The danger in both eras is the decoupling of price from intrinsic value. In 1987, the market ignored warning signs of overheating until a systemic failure in portfolio insurance triggered a cascade of selling. Today, the risk lies in the “AI ROI gap.” While companies like Nvidia are reporting record-breaking revenues from H100 GPU sales, the companies buying those chips—the software startups and enterprise giants—have yet to demonstrate that AI is generating a proportional increase in their own bottom lines.
Concentration Risk and the ‘Halo Effect’
Industry analysts are increasingly concerned about the “Halo Effect,” where any company mentioning “AI” in an earnings call sees an immediate bump in stock price, regardless of the actual technical implementation. This has created a feedback loop: high stock prices allow these companies to hoard cash and acquire smaller AI startups, which in turn fuels the narrative of inevitable dominance, driving prices even higher.
This concentration is far more extreme now than it was in the late 80s. The S&P 500 is currently more top-heavy than it has been in decades. When a few stocks represent such a massive portion of the index, a single negative earnings report from a chipmaker or a regulatory shift in AI safety laws could trigger a broader market correction that drags down unrelated sectors.
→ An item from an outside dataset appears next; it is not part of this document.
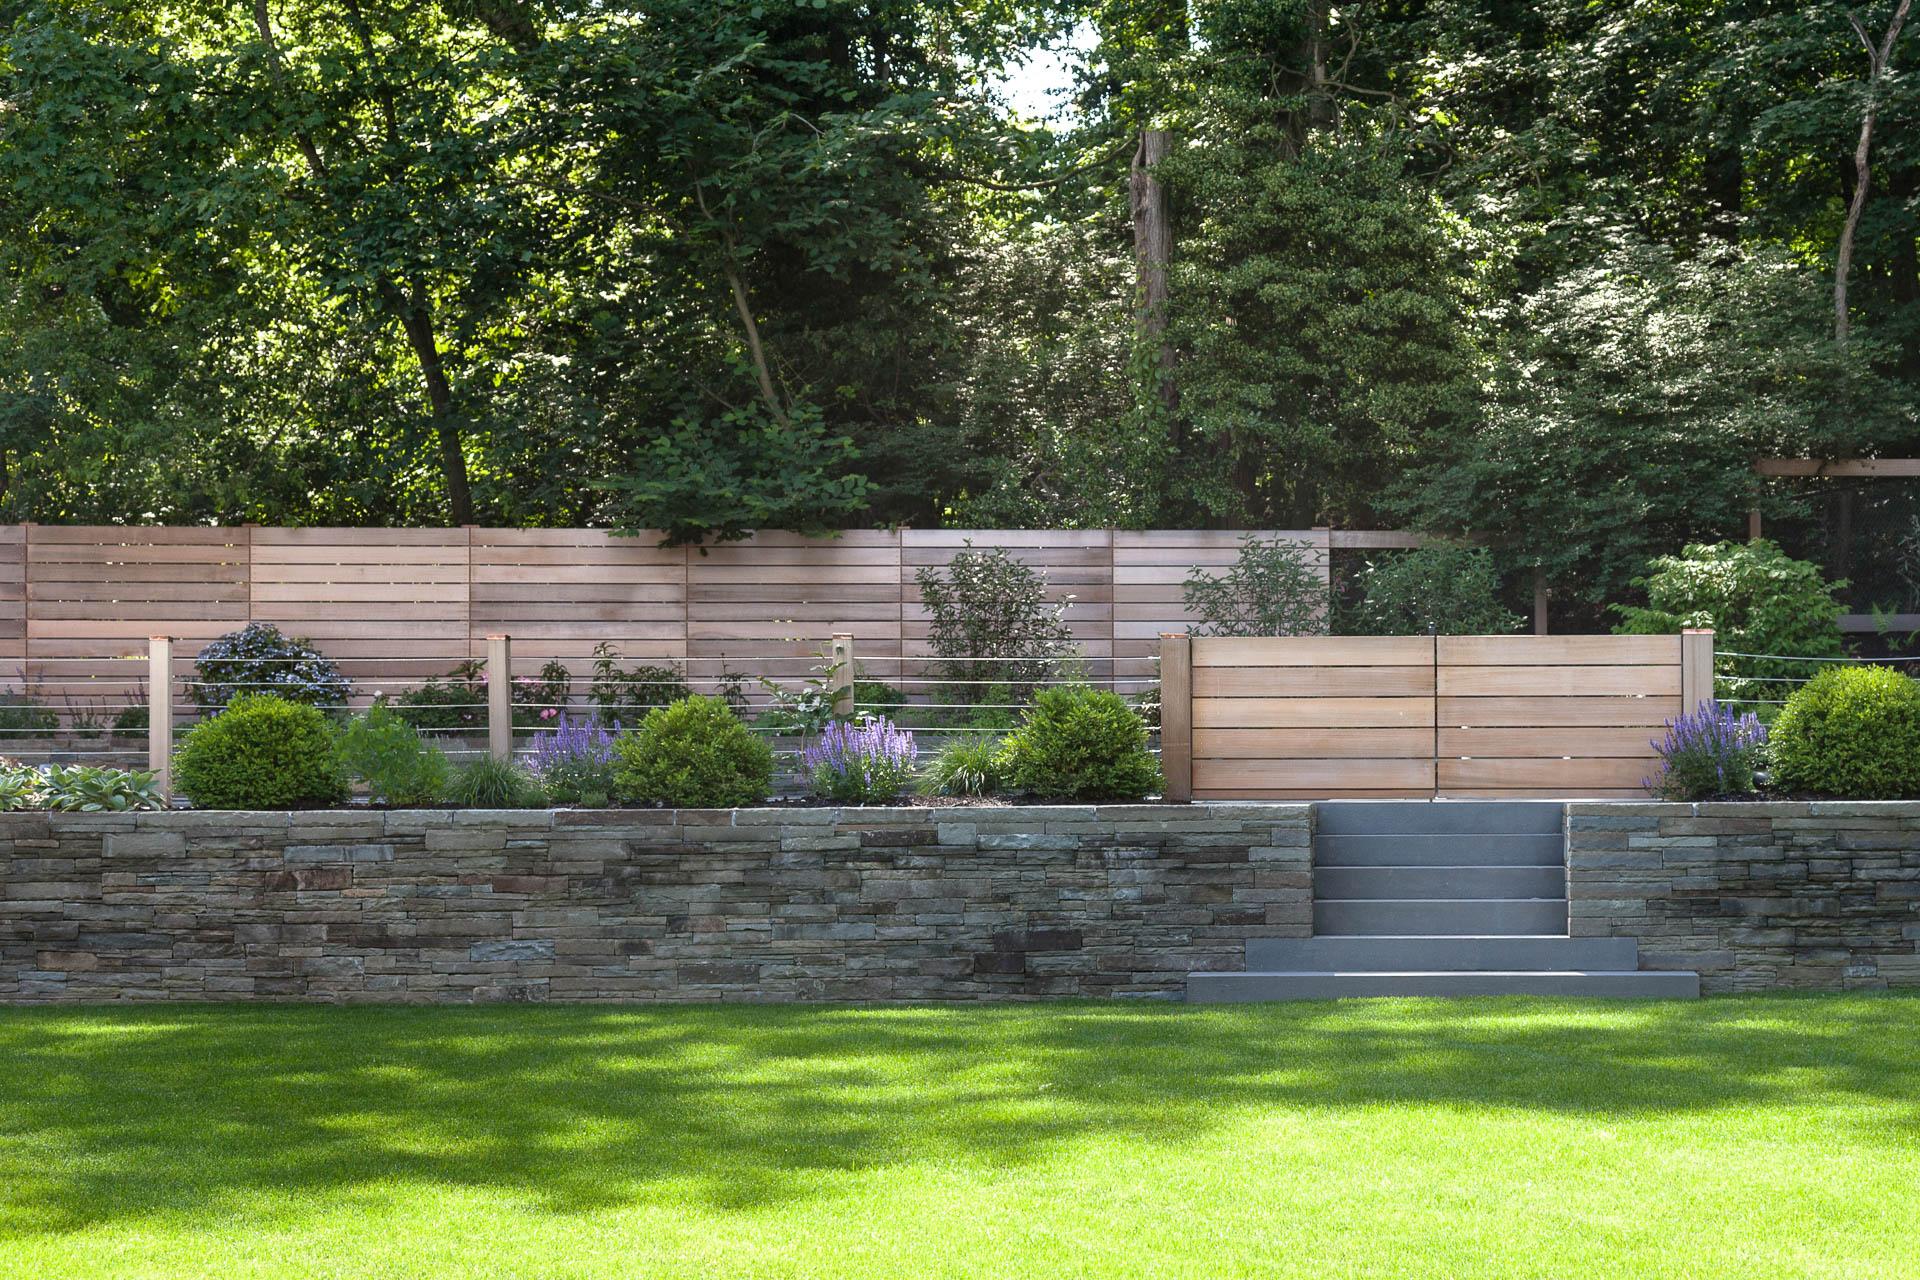 Valentine park matthew cunningham landscape design llc for Garden design llc
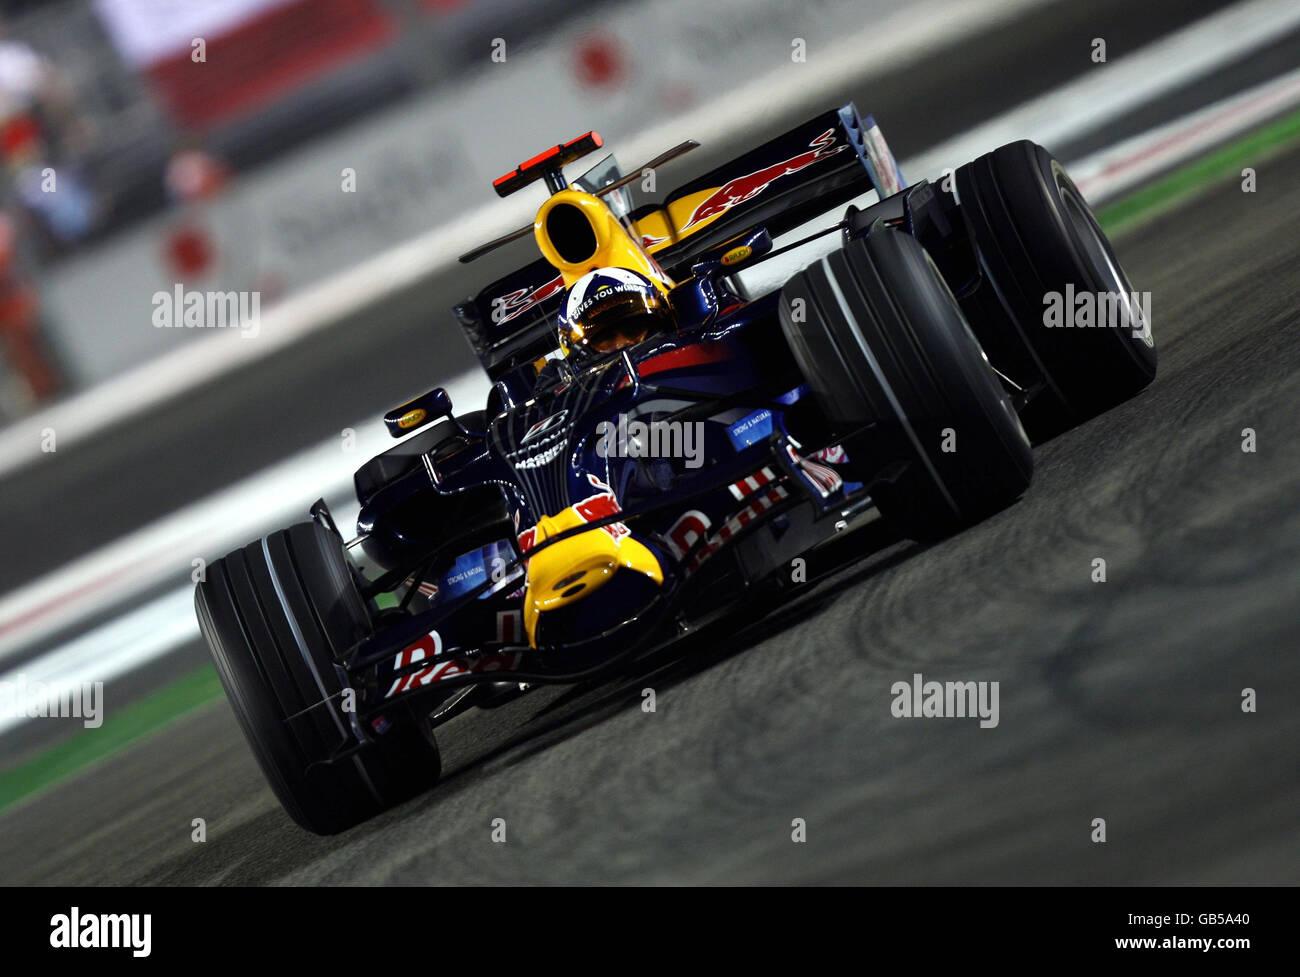 La course automobile de Formule 1 - Grand Prix de Singapour Singtel - Qualifications - Circuit de Marina Bay Park Banque D'Images

The Fundamental Difference
There is, however, a critical difference between the current surge and the 1987 crash: the tangible nature of the hardware. In 1987, the growth was largely based on financial engineering. In 2024, the growth is backed by actual silicon. The demand for compute power is real, and the deployment of AI into coding, drug discovery, and logistics is providing measurable efficiency gains, even if those gains haven’t fully hit the quarterly balance sheets of the average S&P company.
The question remains whether the market has priced in a decade of perfection. If the transition from “AI hype” to “AI utility” stutters, the rapid climb of the S&P 500 may leave it vulnerable to a sharp, corrective descent, echoing the volatility of the late 20th century.